1. The 2009 Focused Updates: ACC/AHA Guidelines for the Management of Patients With STEMI; ACC/AHA/SCAI Guidelines on Percutaneous Coronary Intervention (PCI) [Kushner FG et al. J Am Coll Cardiol 2009] introduced 5 new Class I indications:

  • Prasugrel ASAP as an alternative to clopidogrel in STEMI
  • Dual antiplatelet therapy can now incorporate either clopidogrel or prasugrel along with aspirin in non-ST-elevation myocardial infarction (NSTEMI)
  • Community-based STEMI systems
  • Thienopyridine for ≥12 months after placement of a bare metal stent
  • There are now specific contrast agents that are preferred for patients with chronic kidney disease who are not on dialysis.

 

2. The 2011 ACC/AHA Focused Update of the Guidelines for the Management of Patients With Unstable Angina/NSTEMI [Wright RS et al.
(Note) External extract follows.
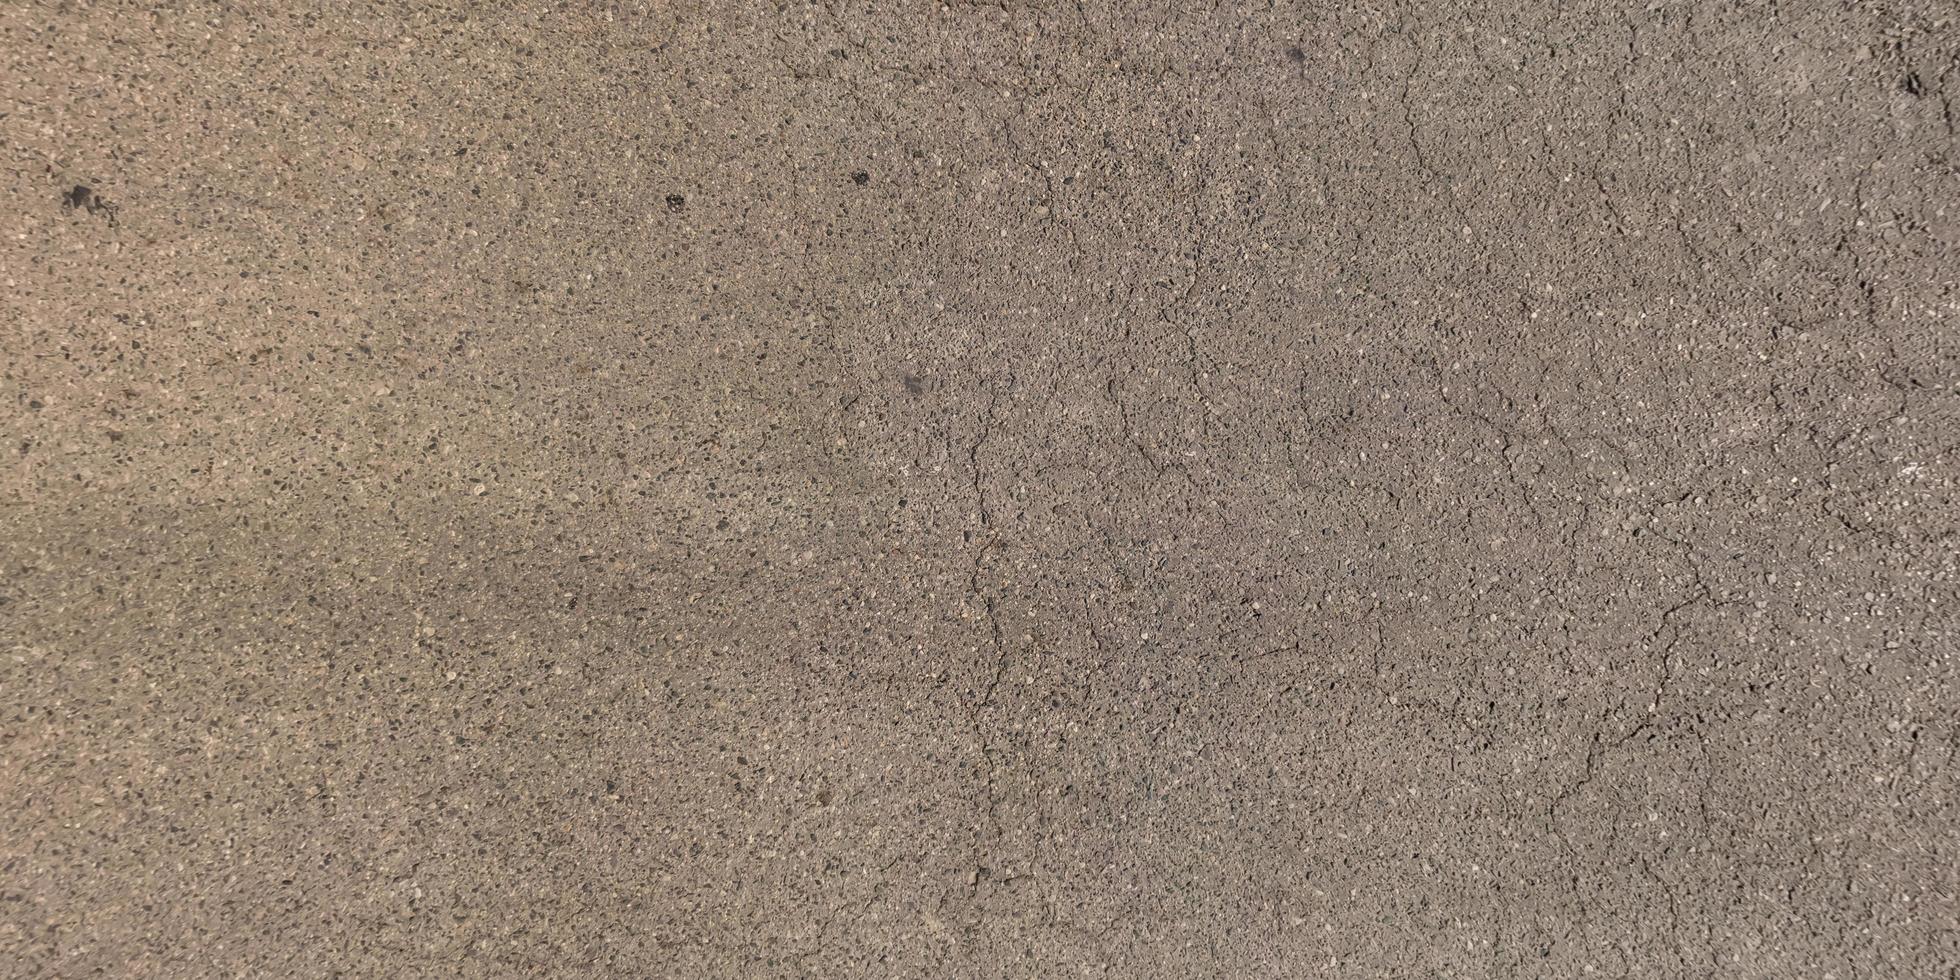 Visualizza a partire dal sopra su superficie di vecchio asfalto strada con crepe foto

J Am Coll Cardiol 2011] instituted five changes to the Class I recommendations:

  • Added prasugrel as an alternative to clopidogrel
  • Loading dose of clopidogrel now up to 600 mg
  • Extension of thienopyridine therapy to at least 12 months whether patients are managed medically or invasively
  • Deleted the prior recommendation for “aggressive” glycemic management
  • New recommendations for avoiding contrast-induced nephropathy.

 

“Given the rapid pace of change, it is even more important to keep abreast of the guidelines,” said Dr. Giugliano.